Most of the humans might be dead, but that lethal bio-weapon left a whole lot of robots unscathed. Dave Taylor returns for his second story in this collection, revelling in the details of wave after wave of disposable droids. Ian Edgington presents a story that shows the judges searching for ways to regain their hold on the city. It reiterates what the previous stories have already hinted at; the citizens share the judges’ shell-shock and see no other option than to return to their erstwhile oppressors.
The Man Comes Around
By Rob Williams, R M Guera, Giulia Brusco, and Annie Parkhouse
As we draw close to the finish line, Rob Williams takes the reins and drags Dredd out from his woe. This story reminds readers that the citizens of Mega-City 1 are not the most stable of crowds. It tempts the audience to brand the victims with their own balance of the blame, forgetting that it is unquestionably the judges that fuel the circle of vice. Giulia Brusco spurs the colours to bloom once more as Dredd regains his rhythm and starts dishing out violence. R M Guera brings unique and stylish qualities to the art. He twice uses the inspired trick of reflecting other character’s eyes in Dredd’s piebald visor, giving him the impression of emotion. Originally published as a Megazine one-shot, this story canters along with impressive cadence before vaulting us into our final chapter.
300 Seconds
By Ian Edgington, Simon Colby, Chris Blythe, and Annie Parkhouse.

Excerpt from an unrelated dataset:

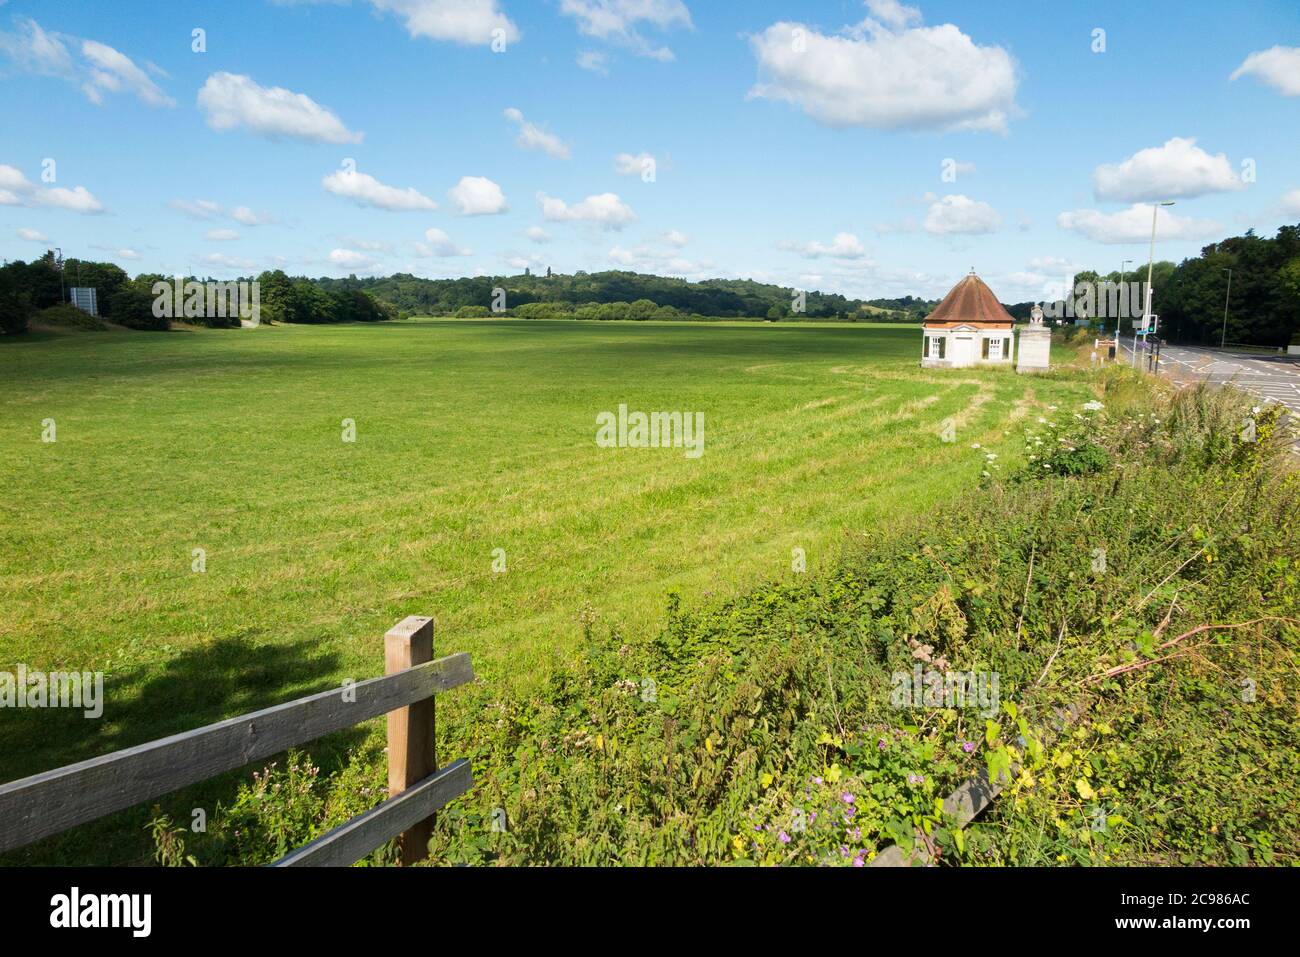 Runnymede meadows & flood plain, site of the signing of Magna Carta in year 1215 by King John & the English Barons. Bright and sunny summer day. Surrey UK (119) Stock Photo

Ian Edgington’s closing pages provide a justice department parable. A tutor tells their class of cadets that for as long as anyone remembers, Dredd has spent five minutes each day standing at the city’s busiest intersection as a public icon of the law. If this seems somewhat incredulous, then the cadets don’t seem to care. With the bodies from the last disaster finally cleared away, the mythologizing of the judges begins in earnest. Simon Colby’s heavy blocks of black convey the judges’ restored certainty. Chris Blythe’s colouring adds a golden glow to the armour, reflecting the moral righteousness that has suppressed all memory of existential crisis.

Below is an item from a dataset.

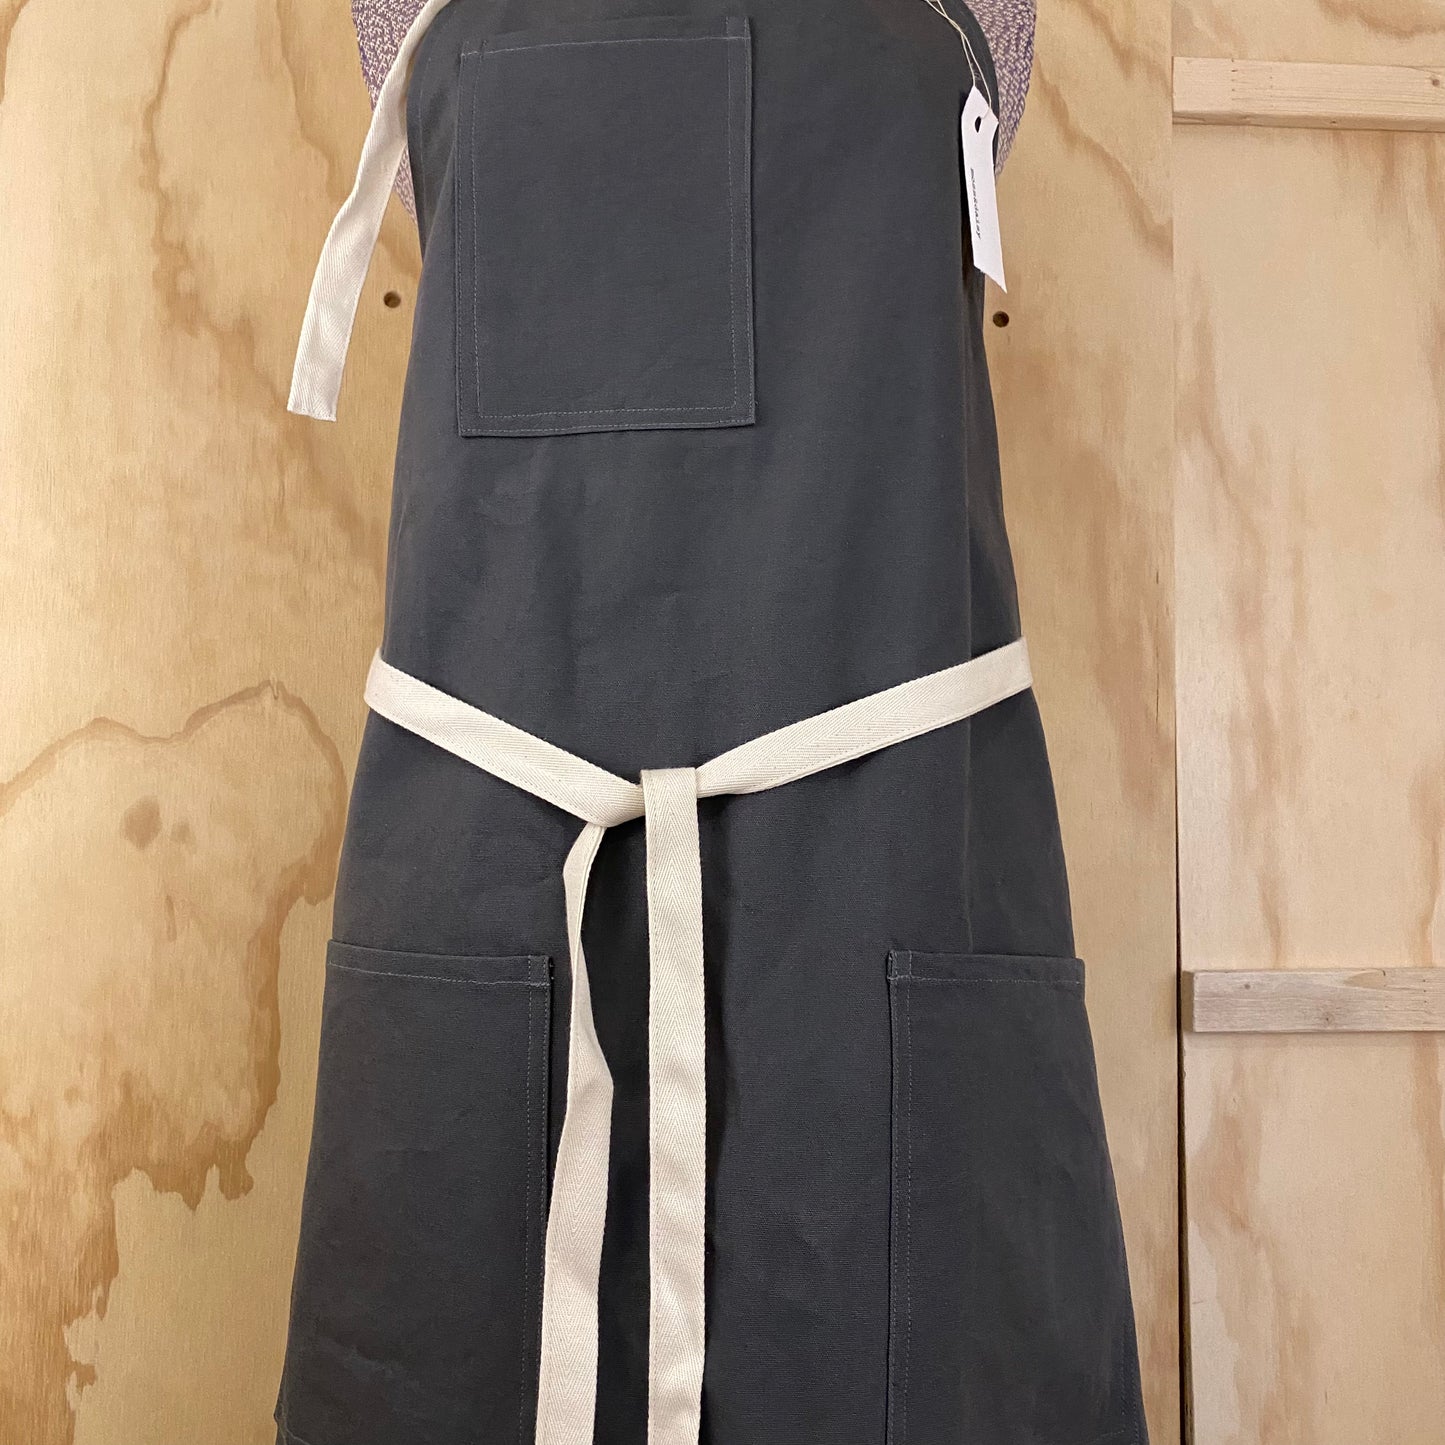 chef's utility apron with cross back straps

This is the theme that ties Ghost Town together. It is the story of Justice Department regaining control of both the city and themselves. How well this sits as a satisfying arc may vary depending on the readers’ tastes. This book pitches Dredd against disaster capitalists and the immortal rich, with typically satisfying results. At the same time, watching the broken people of Mega-City 1 fall once more under the green jackboots may be hard to stomach.
Judge Dredd: Ghost Town, much like the stories within, is just one part of a bigger tapestry. The years following Chaos Day have been dominated by the Judges’ fighting off various challengers, meaning the civilian perspective has been largely overlooked. Mega-City 1 is currently fertile ground for exploring the social ramifications of recent catastrophes. If those are stories you’d like to see, why not get in touch with 2000ad, and let them know?